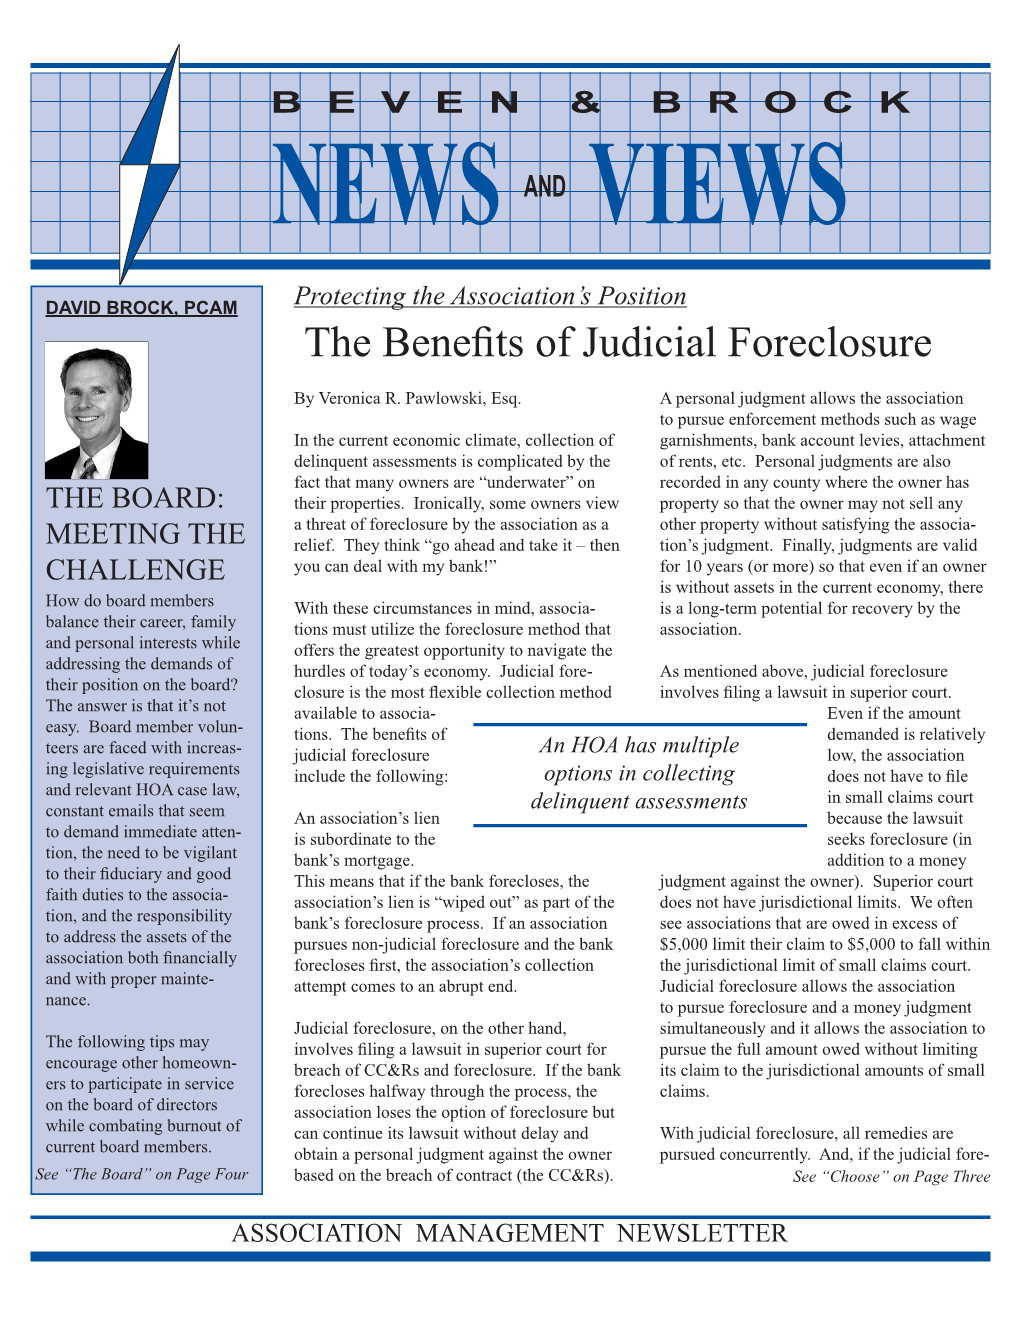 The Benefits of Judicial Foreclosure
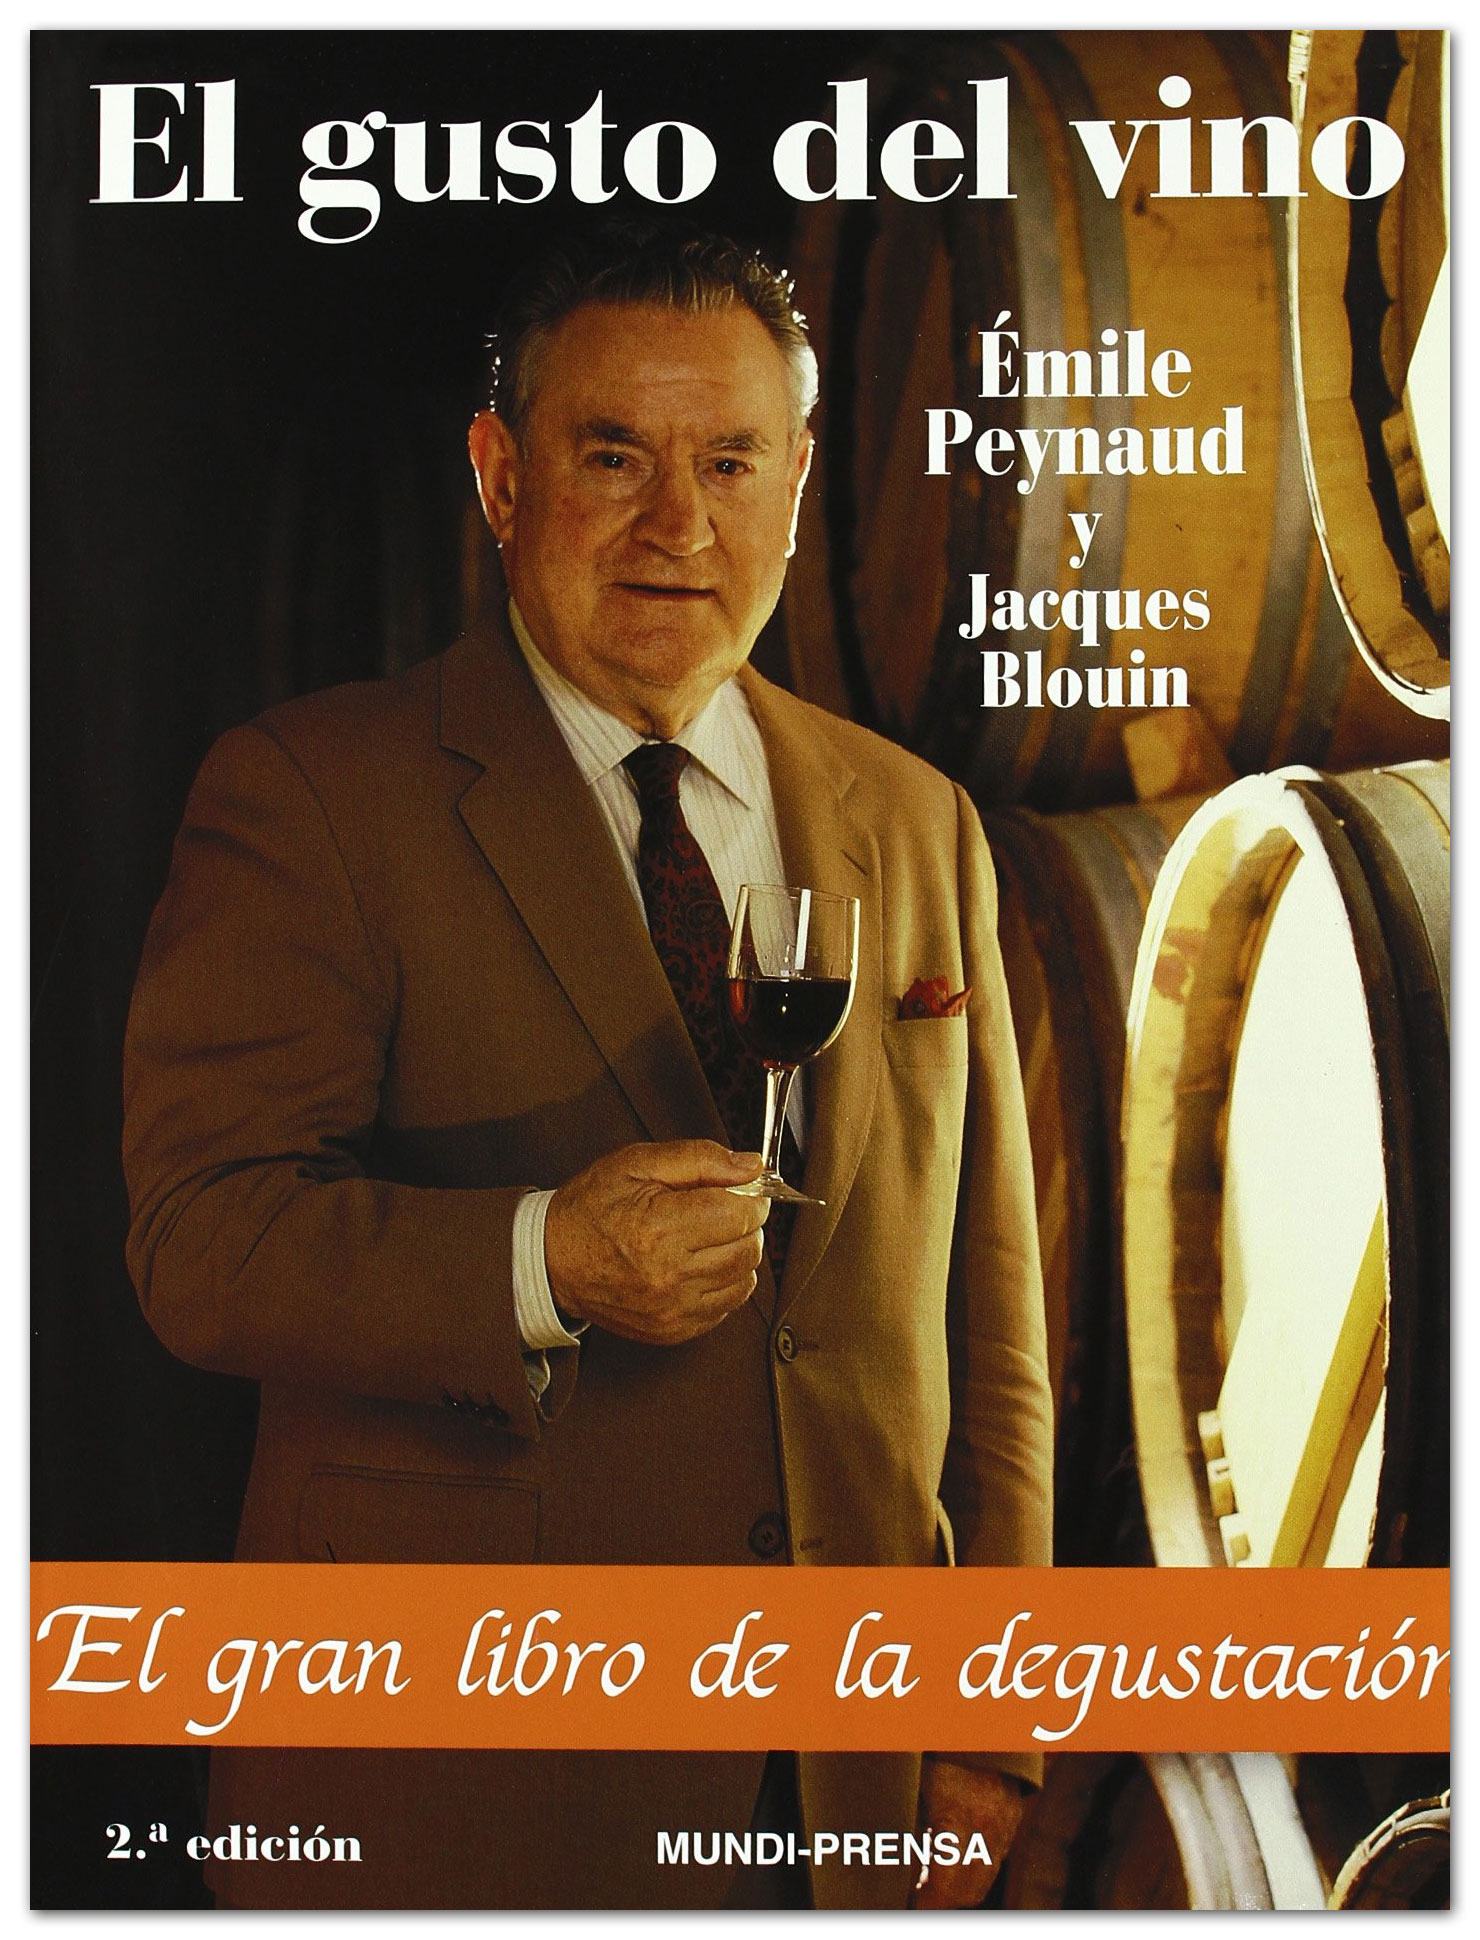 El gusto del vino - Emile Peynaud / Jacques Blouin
----------------
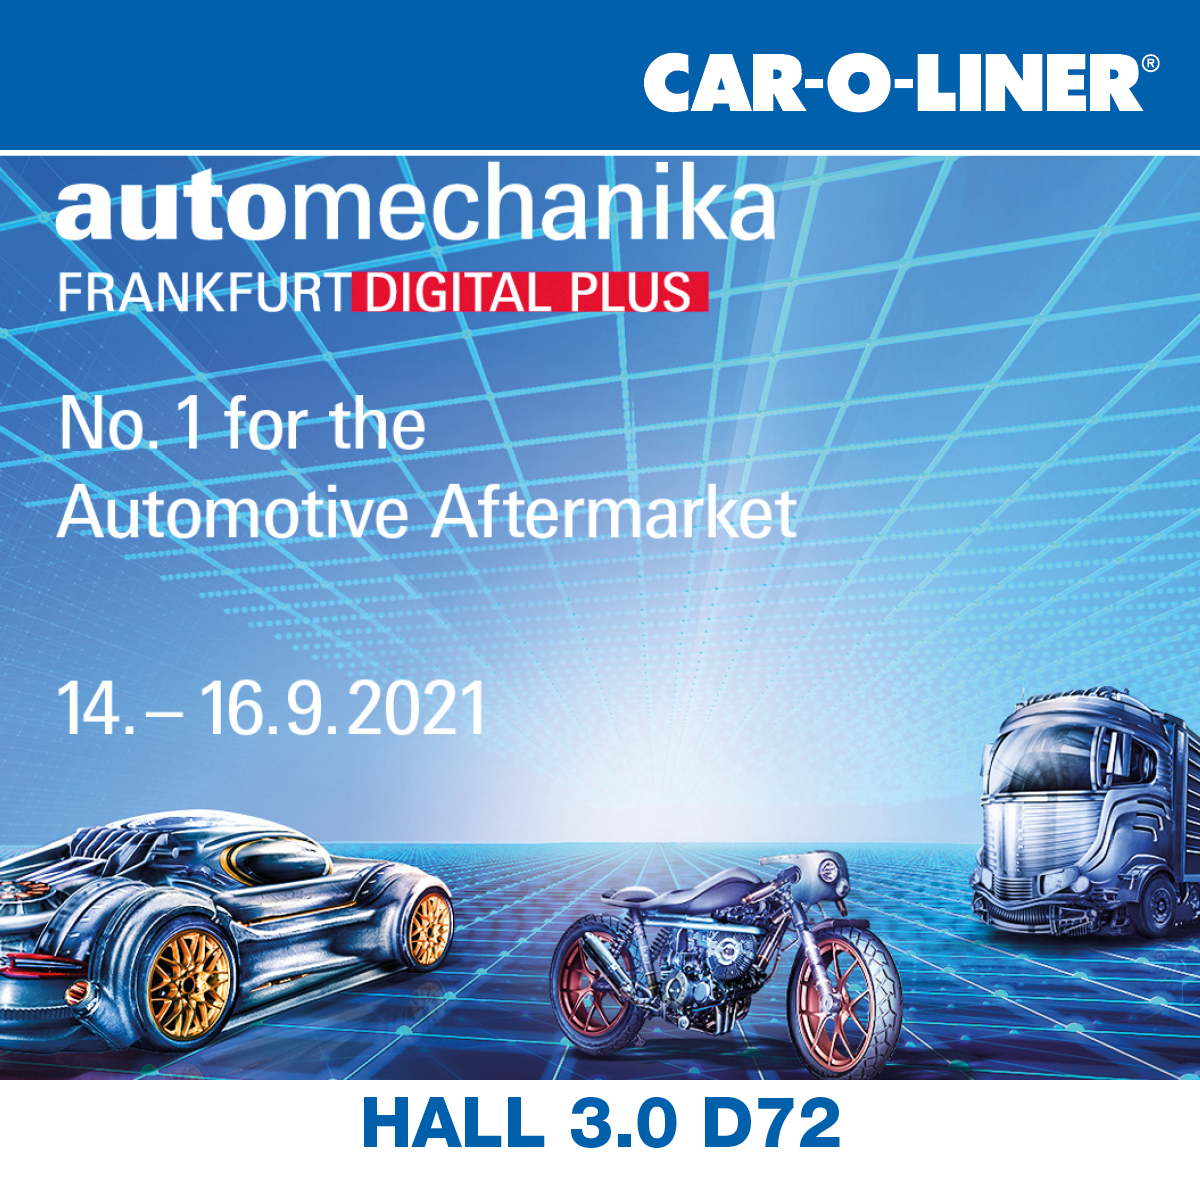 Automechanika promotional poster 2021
----------------
**What you should do**.
Your answer should consist of the lines above between those holding "The Benefits of Judicial Foreclosure" and "El gusto del", inclusive, reproduced word for word and without pictures.

**Response area**.
 The Benefits of Judicial Foreclosure
 El gusto del vino - Emile Peynaud / Jacques Blouin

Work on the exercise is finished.